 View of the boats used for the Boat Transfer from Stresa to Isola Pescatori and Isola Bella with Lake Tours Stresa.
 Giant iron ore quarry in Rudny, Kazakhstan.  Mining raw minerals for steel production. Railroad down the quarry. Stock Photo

==

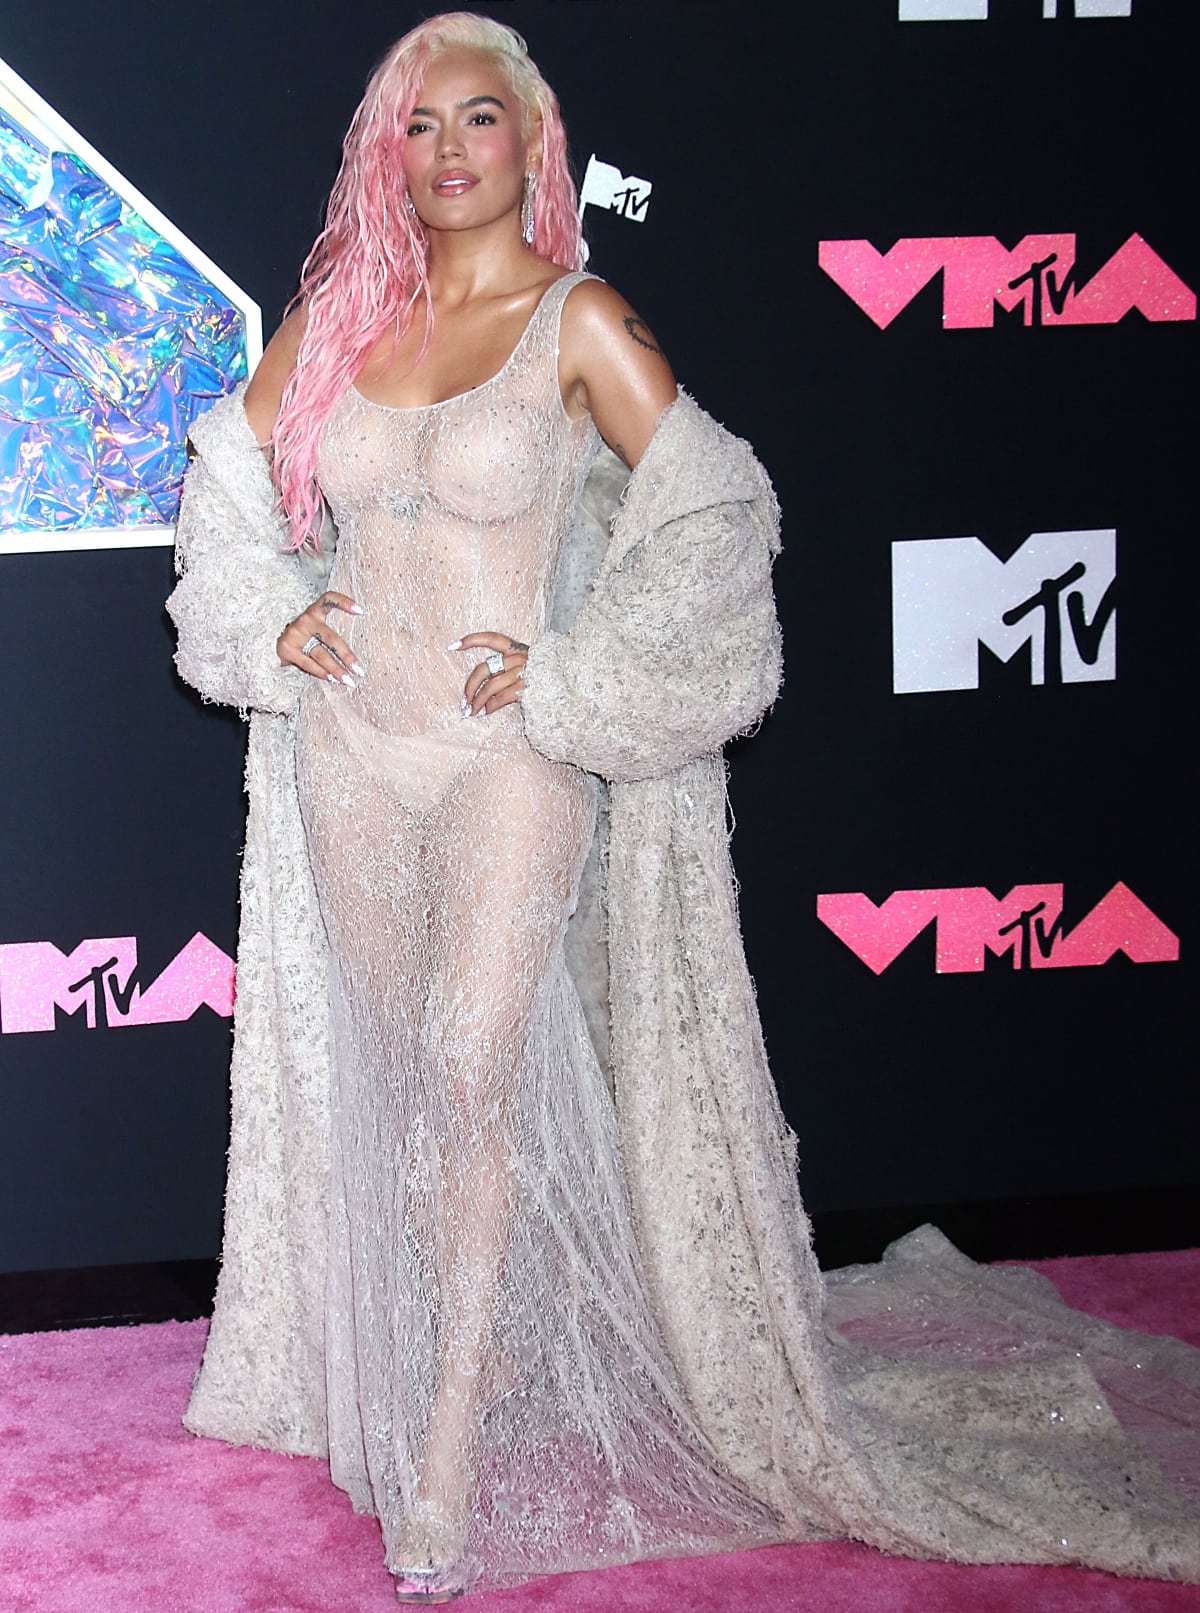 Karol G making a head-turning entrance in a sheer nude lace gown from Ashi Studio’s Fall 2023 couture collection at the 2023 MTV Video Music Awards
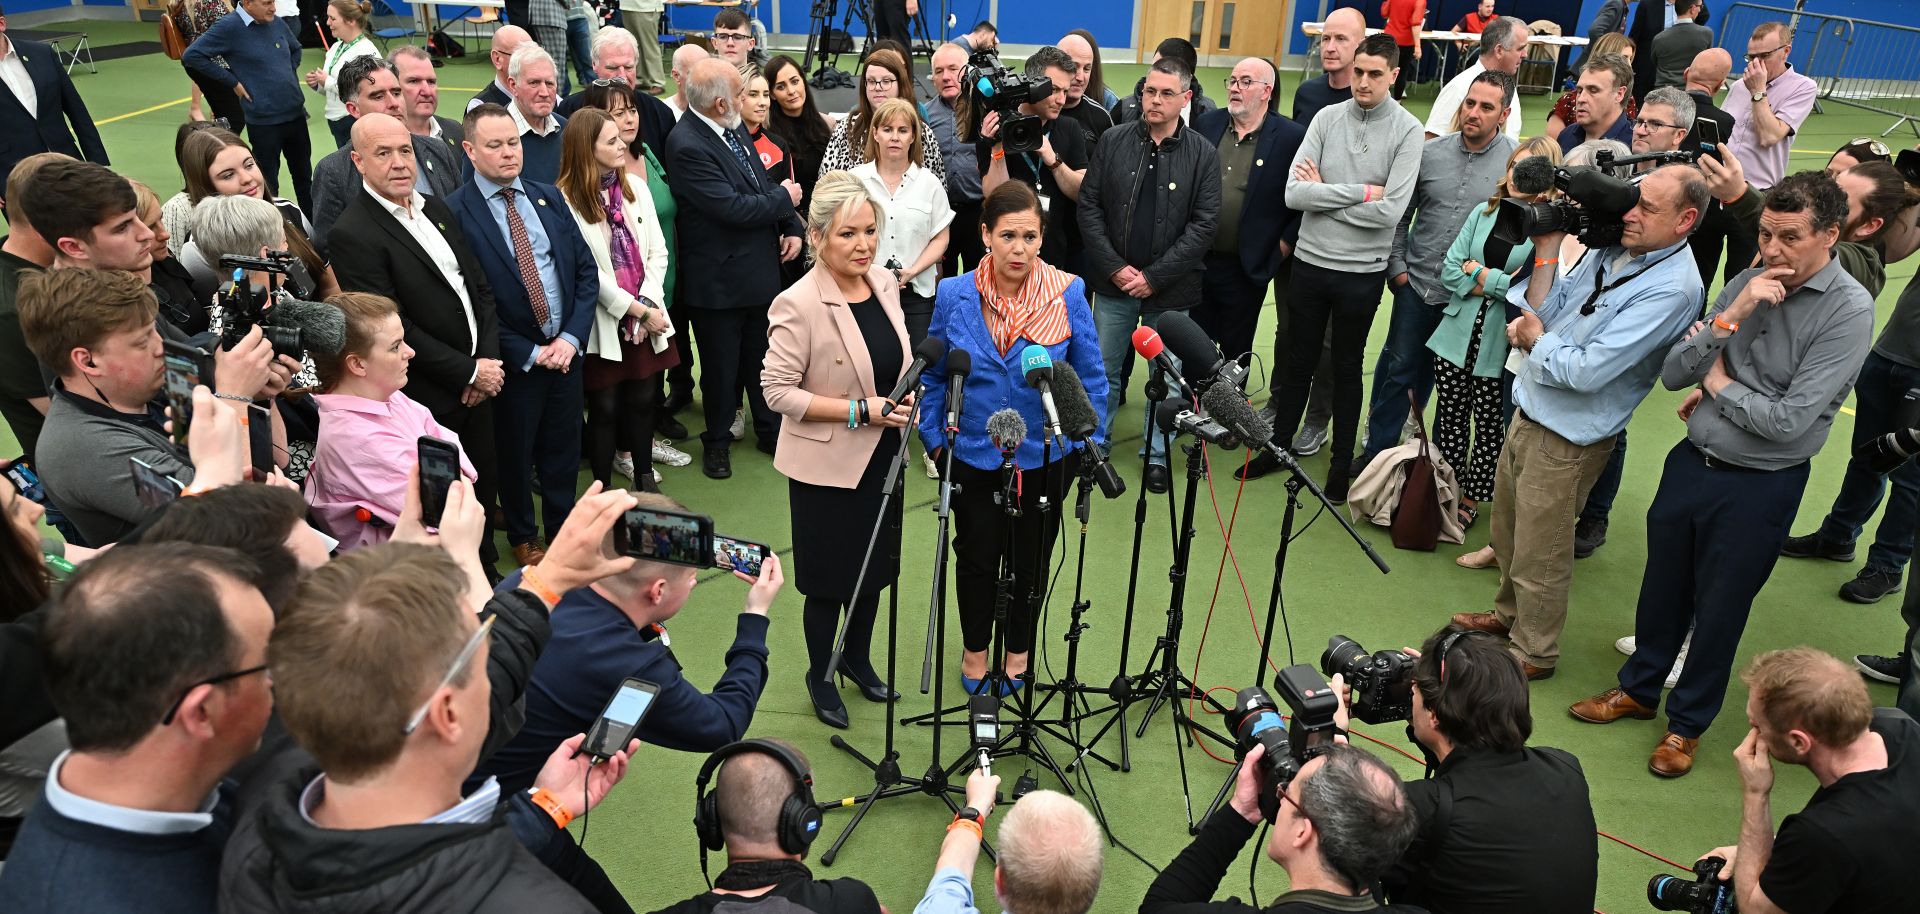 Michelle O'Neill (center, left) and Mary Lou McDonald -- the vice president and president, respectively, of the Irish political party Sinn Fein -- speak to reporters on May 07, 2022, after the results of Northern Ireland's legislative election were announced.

*What is being asked*: Excerpt from the records above: set down only the lines from the one that contains "Karol G making" through the one that contains "Michelle O'Neill (center, left)", inclusive, word for word. Pictures stay out.

*Written reply*:
 Karol G making a head-turning entrance in a sheer nude lace gown from Ashi Studio’s Fall 2023 couture collection at the 2023 MTV Video Music Awards
 Michelle O'Neill (center, left) and Mary Lou McDonald -- the vice president and president, respectively, of the Irish political party Sinn Fein -- speak to reporters on May 07, 2022, after the results of Northern Ireland's legislative election were announced.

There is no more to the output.